— Exercise details —
Copy task for the material below: print the line with "NOI REN NGOAI 21 NHUA PVC BINH MINH (1)" and every line after it to the end, exactly as written, without the pictures.

+++ Given data

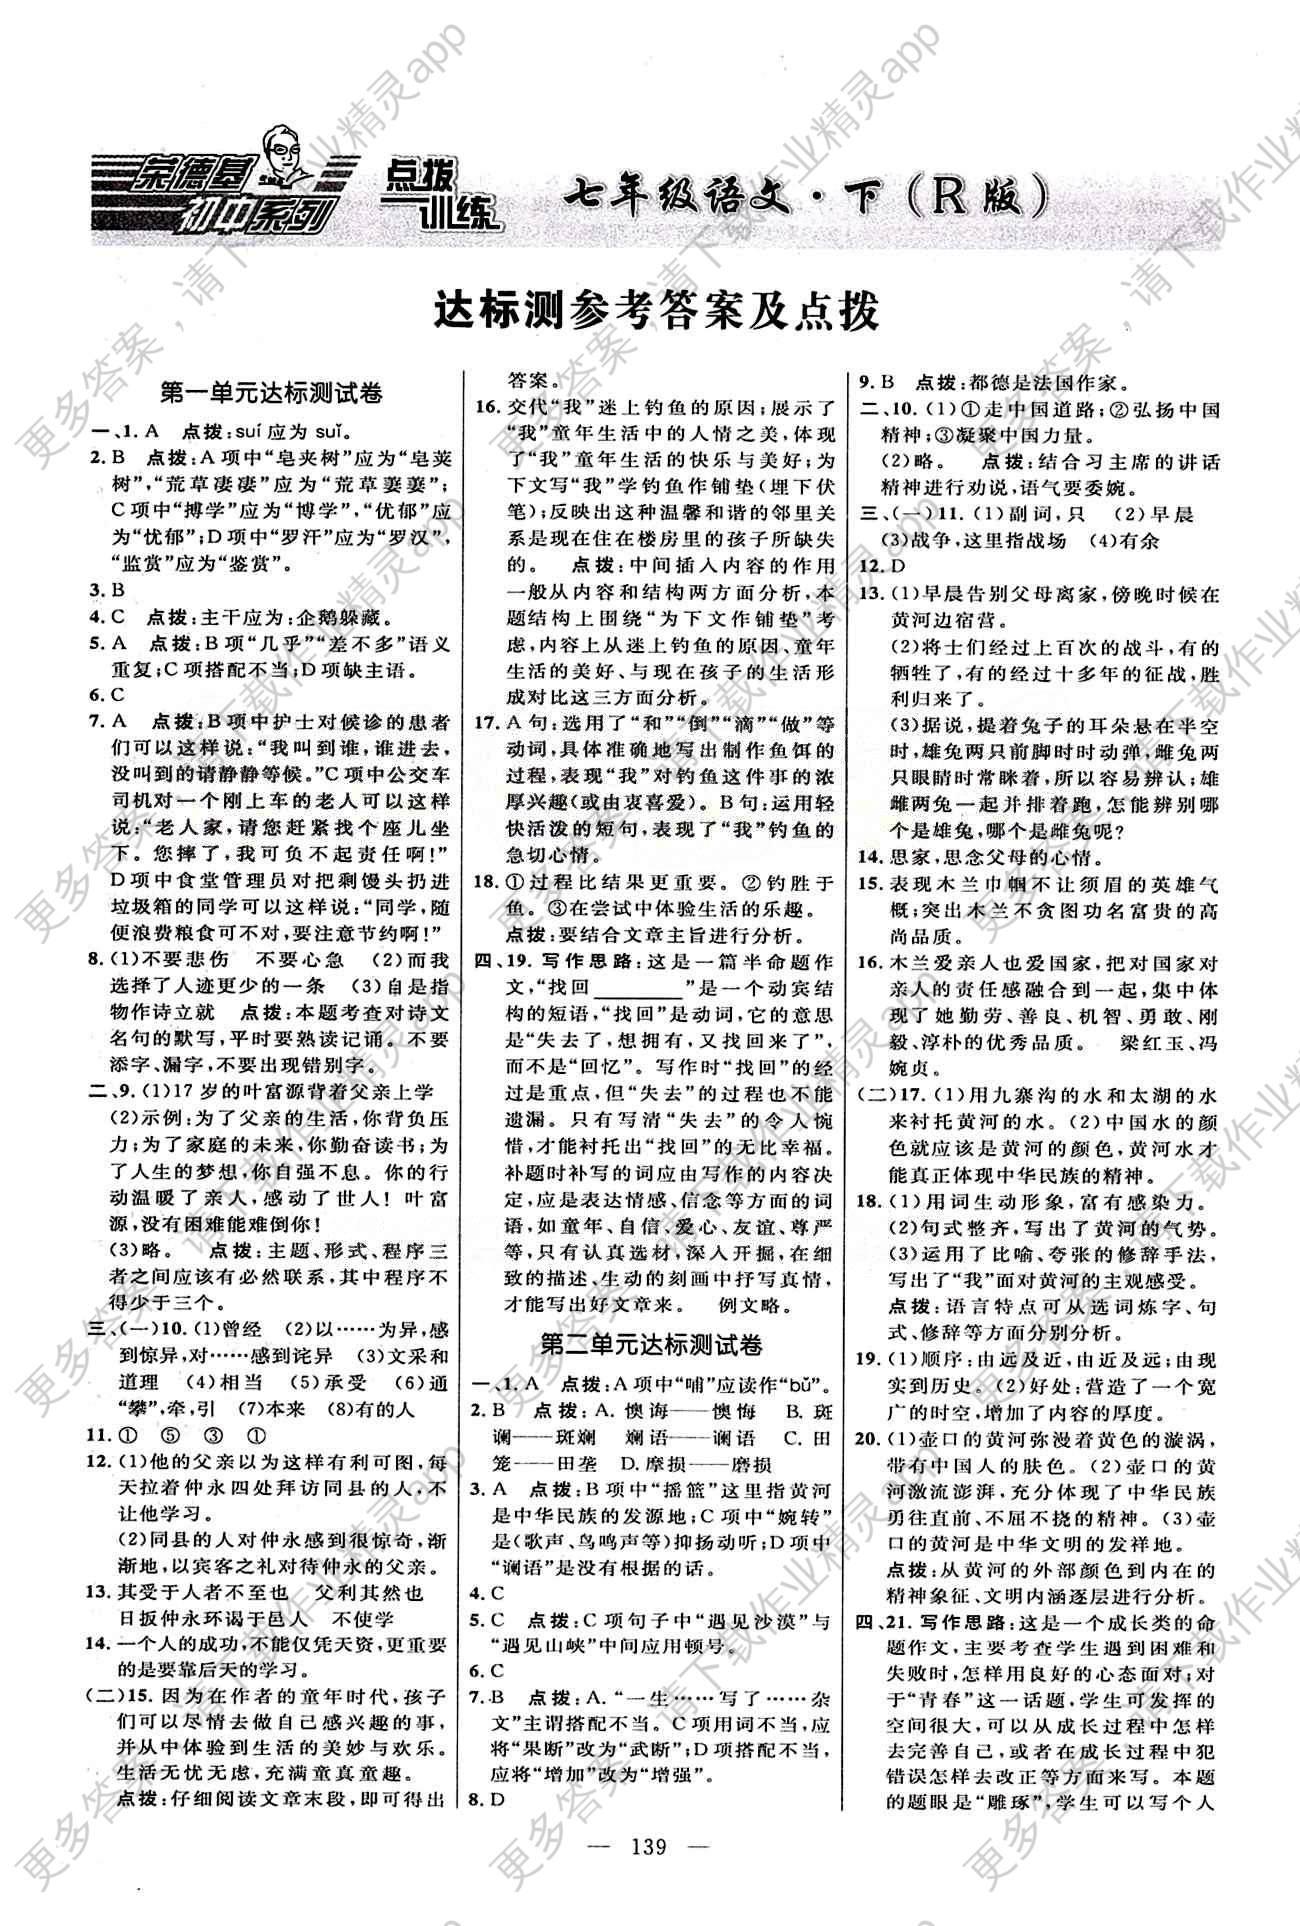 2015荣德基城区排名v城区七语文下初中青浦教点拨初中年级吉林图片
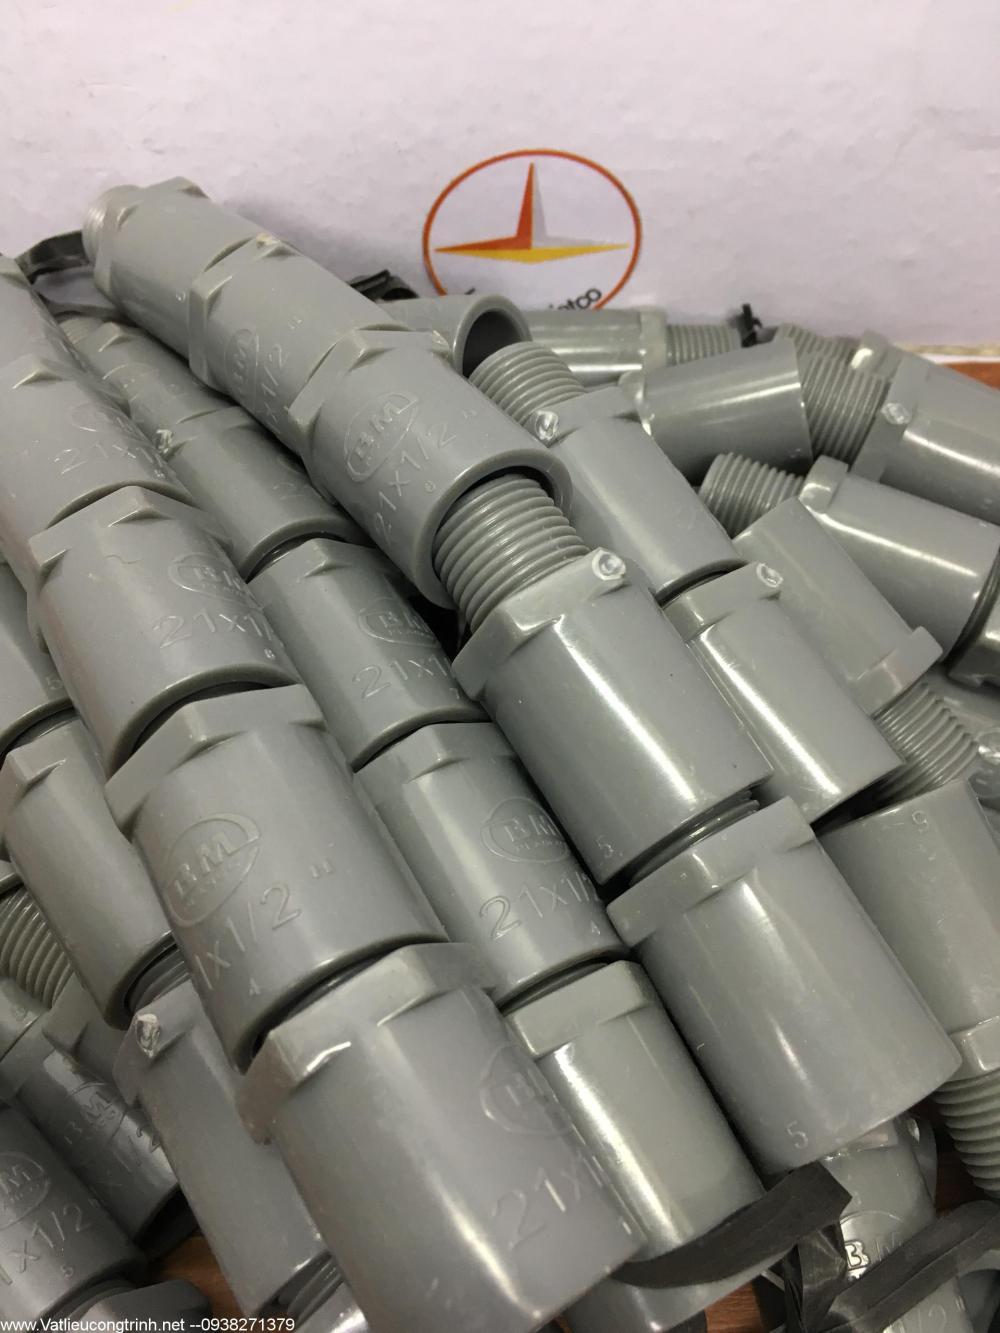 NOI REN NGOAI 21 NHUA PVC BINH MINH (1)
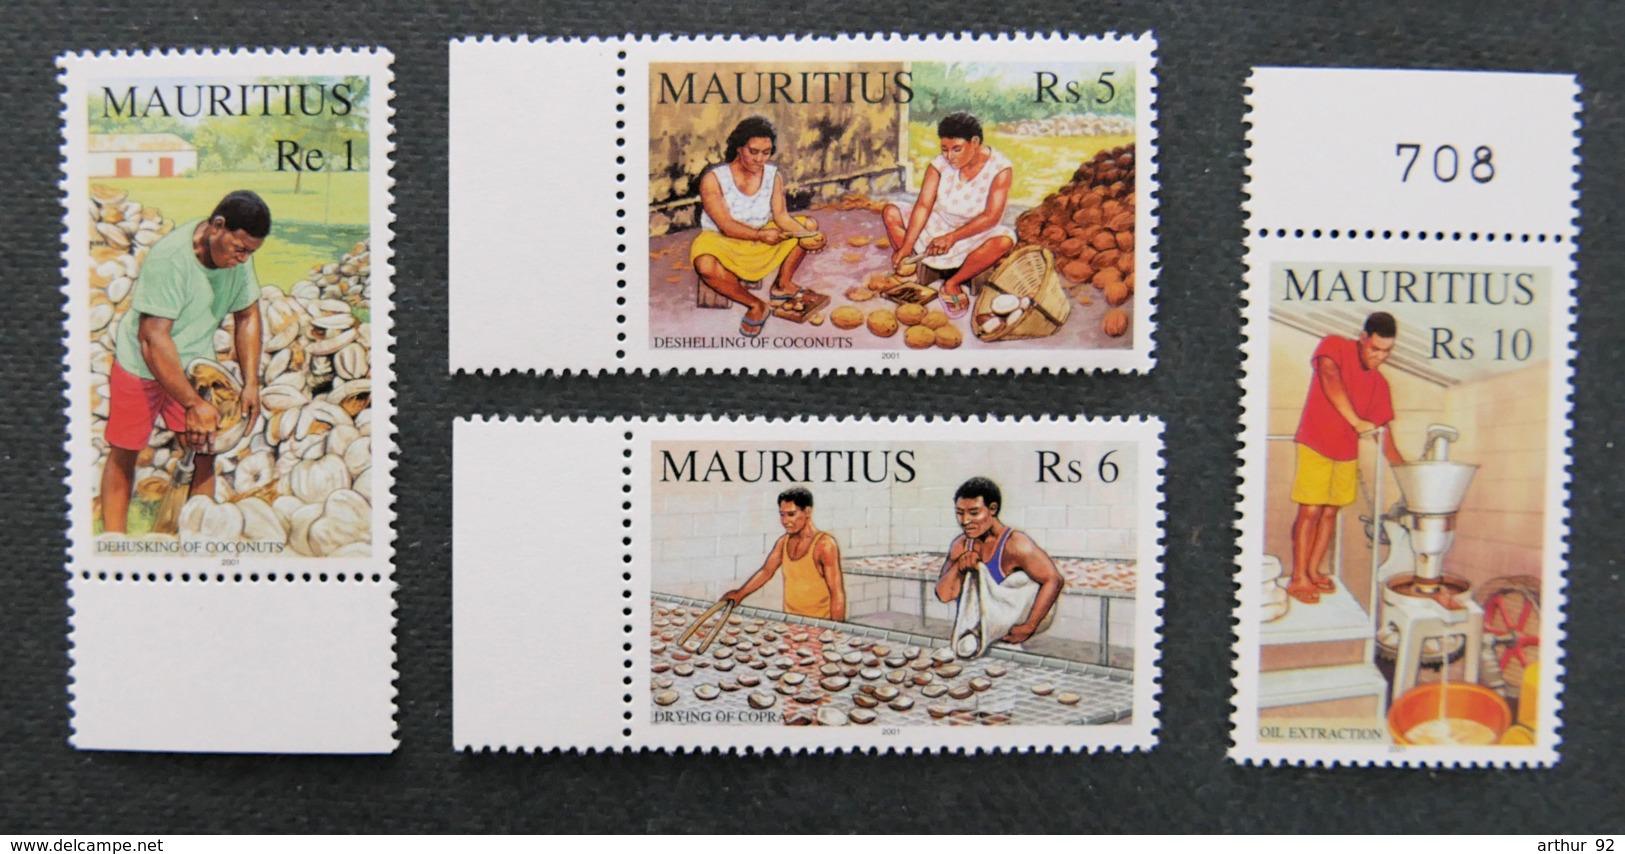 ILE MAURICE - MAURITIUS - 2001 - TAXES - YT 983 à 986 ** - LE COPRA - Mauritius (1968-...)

++++++

— Solved problem —
 NOI REN NGOAI 21 NHUA PVC BINH MINH (1)
 ILE MAURICE - MAURITIUS - 2001 - TAXES - YT 983 à 986 ** - LE COPRA - Mauritius (1968-...)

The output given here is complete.